Rewind: Variable Resistance

Philip Samartzis at SFMOMA, Taken on September 8, 2002. Photo by R. Yau

By Philip Samartzis

Amorphous, seductive, confronting and comforting, sound can exert a multiplicity of emotional and physical affects on listeners. Sound Art however often eludes description, is generally misunderstood and repeatedly defies categorization.
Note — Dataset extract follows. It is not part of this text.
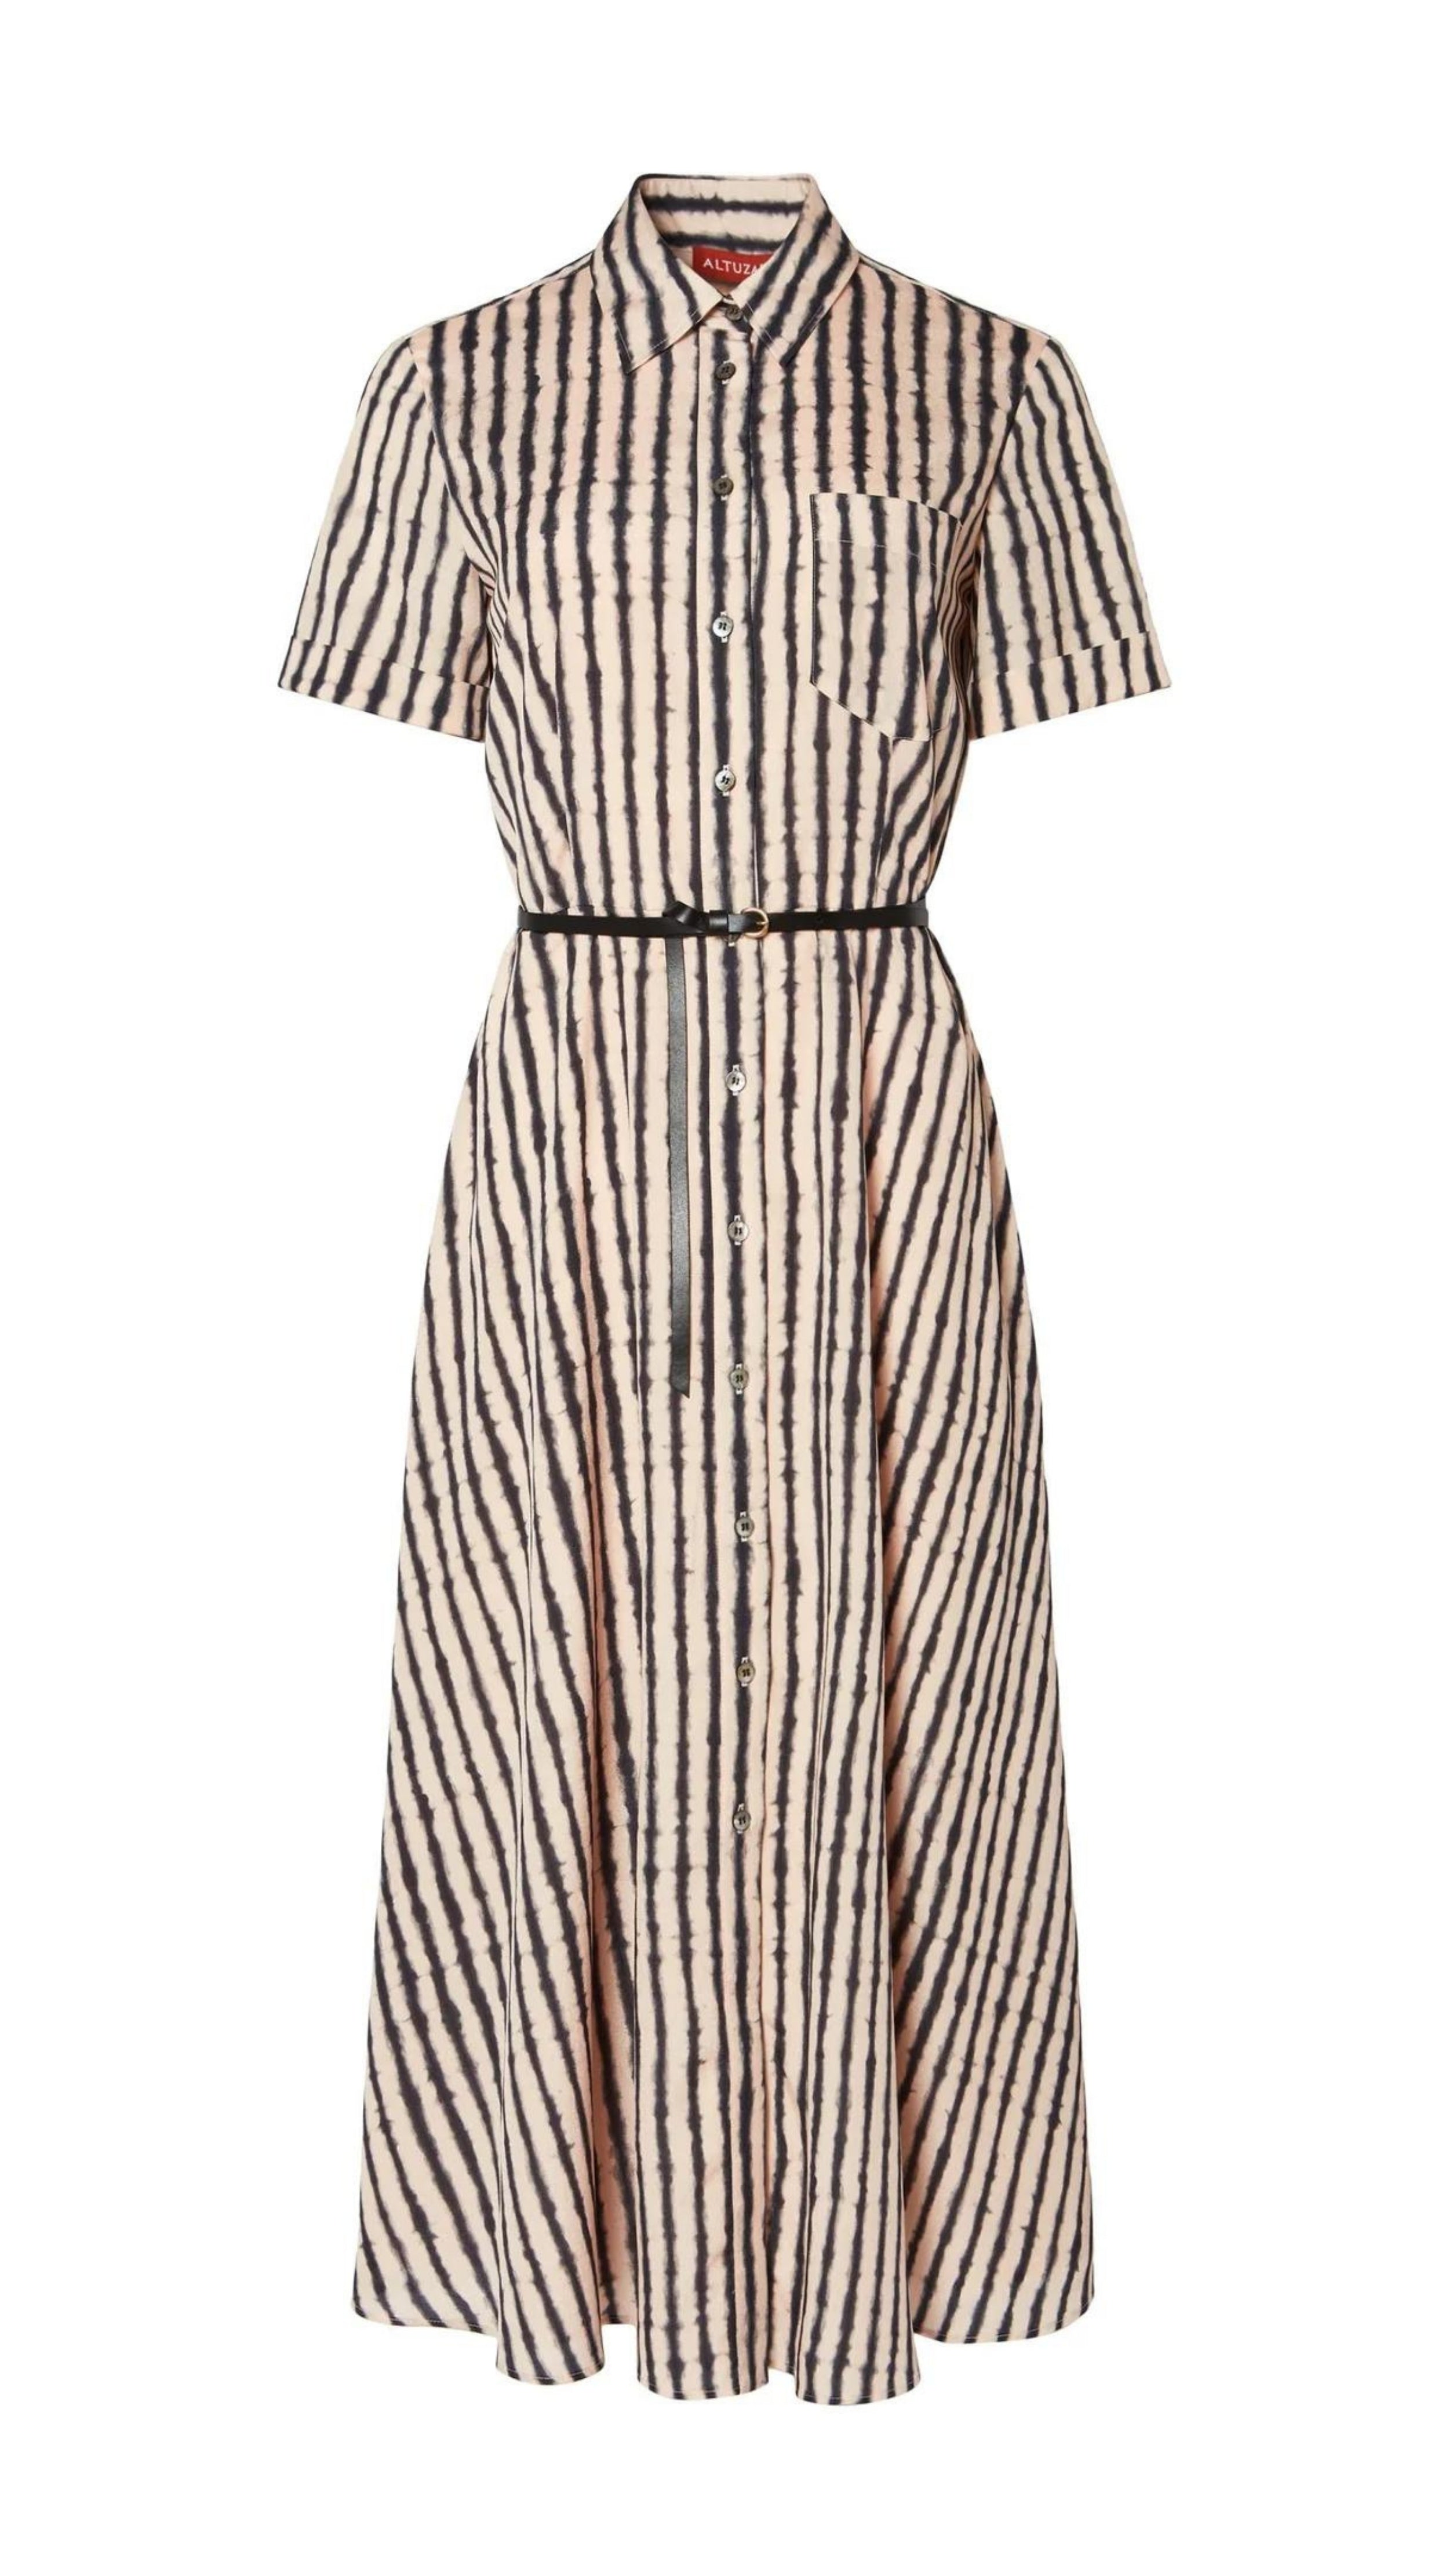 Altuzarra Kiera Dress The 'Kiera' dress is designed with a small point collar, short sleeves and a flattering A-line skirt. It is detailed with a slim leather waist belt and features a black and white stripe pattern and a front breast pocket. Product photo facing front.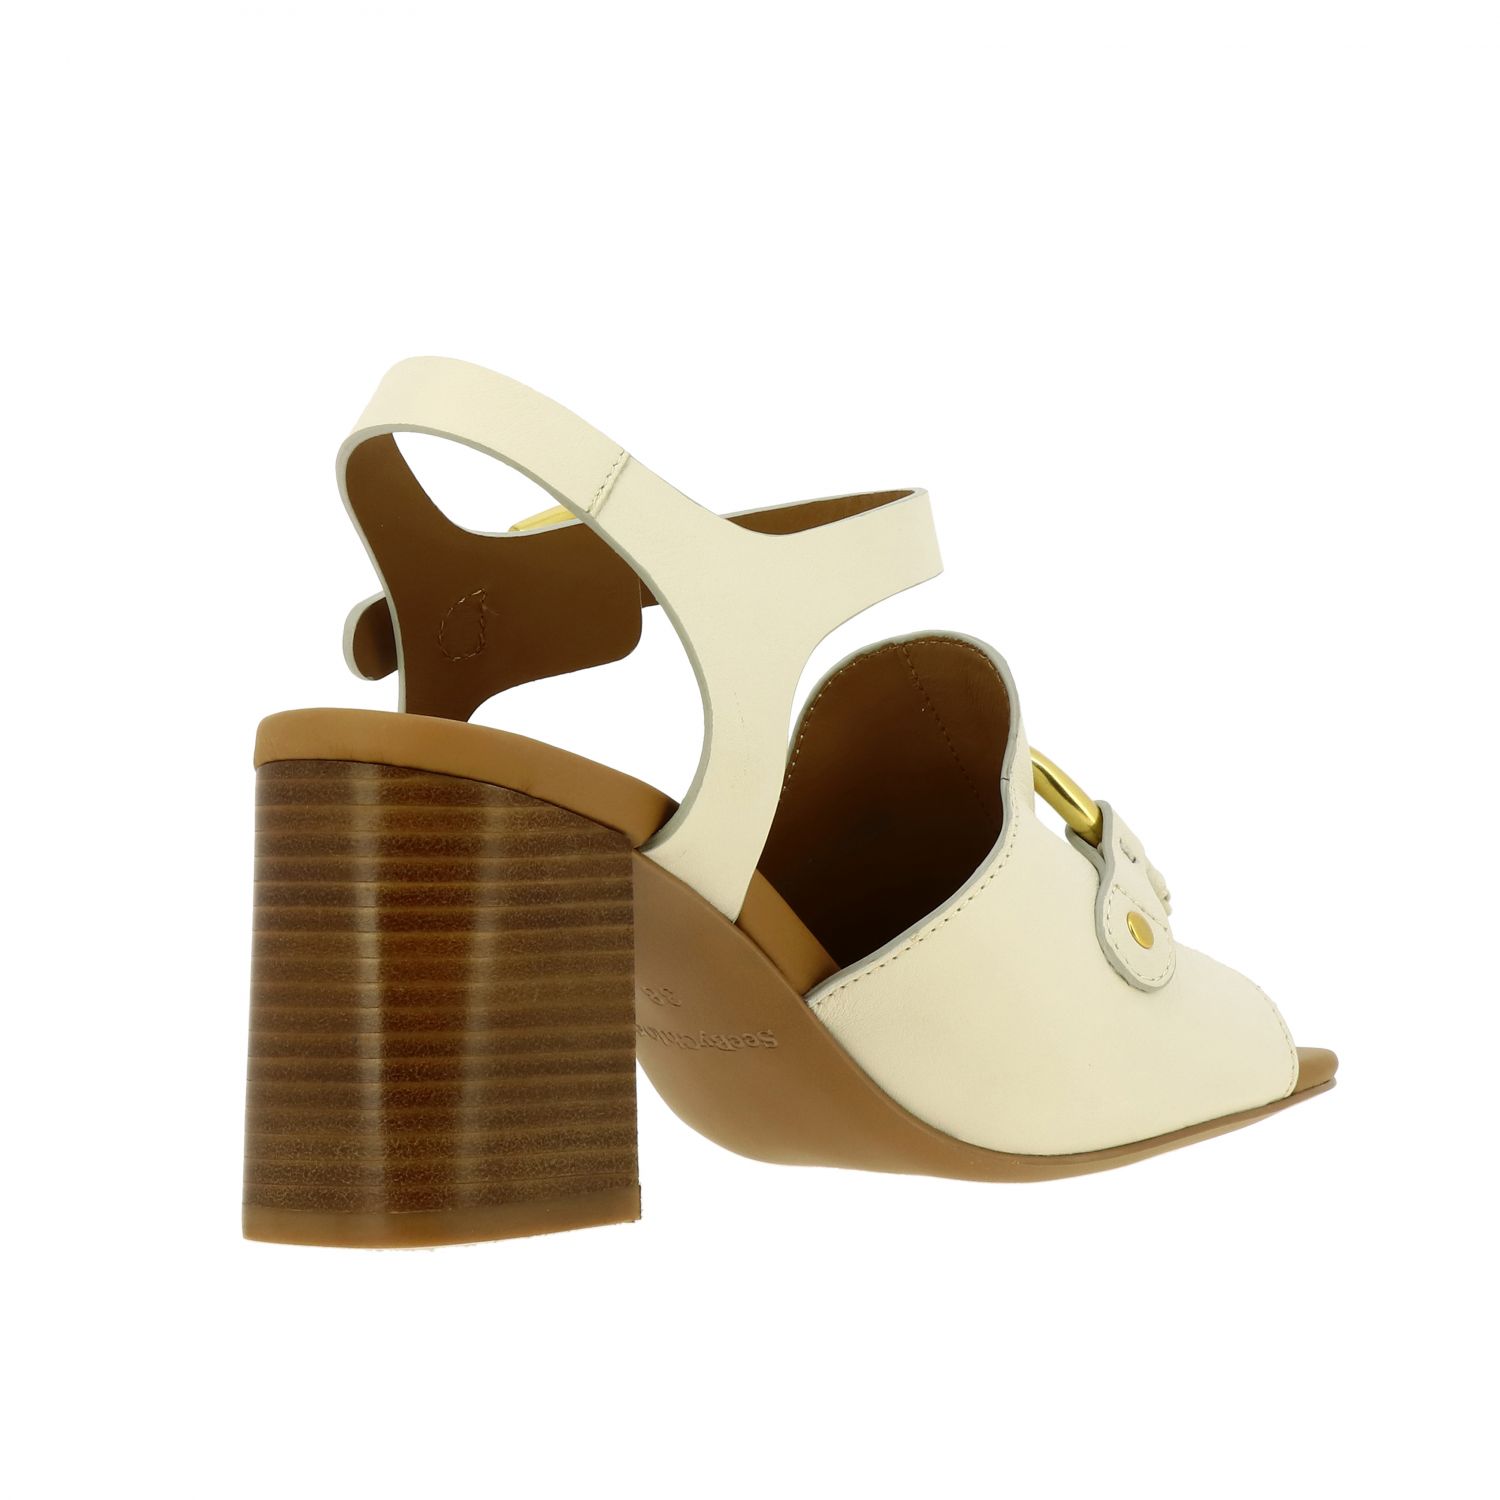 Buy > chaussures see by chloe > in stock

In 2001 I was invited by Stuart Koop to coordinate a series of after hours presentations at ACCA titled Variable Resistance designed to highlight trends informing contemporary sound culture. Over two years ACCA hosted various concerts and lectures by a wide range of artists and theorists including David Toop (UK), Rasmus Lunding (DK), Csaba Toth (USA), Francisco Lopez (SPN), Gunter Muller (CH) and Voice Crack (CH). The series culminated in a survey of Australian sound culture for the San Francisco MOMA (2002) and Transmediale Festival (2003) titled Variable Resistance: 10 hours of sound from Australia which included works by 80 Australian sound artists and musicians.

ACCA's advocacy was important as it generated wider awareness of Australian sound culture and its diverse range of practices. It occurred at a time when sound art was just beginning to receive broader international recognition by large institutions who acknowledged its importance through historical and contemporary survey exhibitions and performance programs.

The Variable Resistance program made an important contribution towards generating greater recognition of the diverse range of practices that have evolved through various communities of artists and musicians to articulate a strong regional character. The program was also important for providing a forum for international theorists and practitioners who explored a variety of ideas within this burgeoning field. These presentations included examples of the musical possibilities of robotics, improvisation, pervasive computing in performance, bioacoustics, soundscape composition, noise and silence, domestic appliances as sound generators, gesture and the haptic in performance, sound spatialisation, exotica and ambient music.

In 2000-1 Philip Samartzis was an independent sound curator and artist promoting spatial sound practices. He is currently working towards a publication titled An Absent Presence (Macmillan) that focuses on work produced during his Australian Antarctic Arts Fellowship and producing a one hour radio work on Antarctica for France Culture and the ABC to be aired later this year.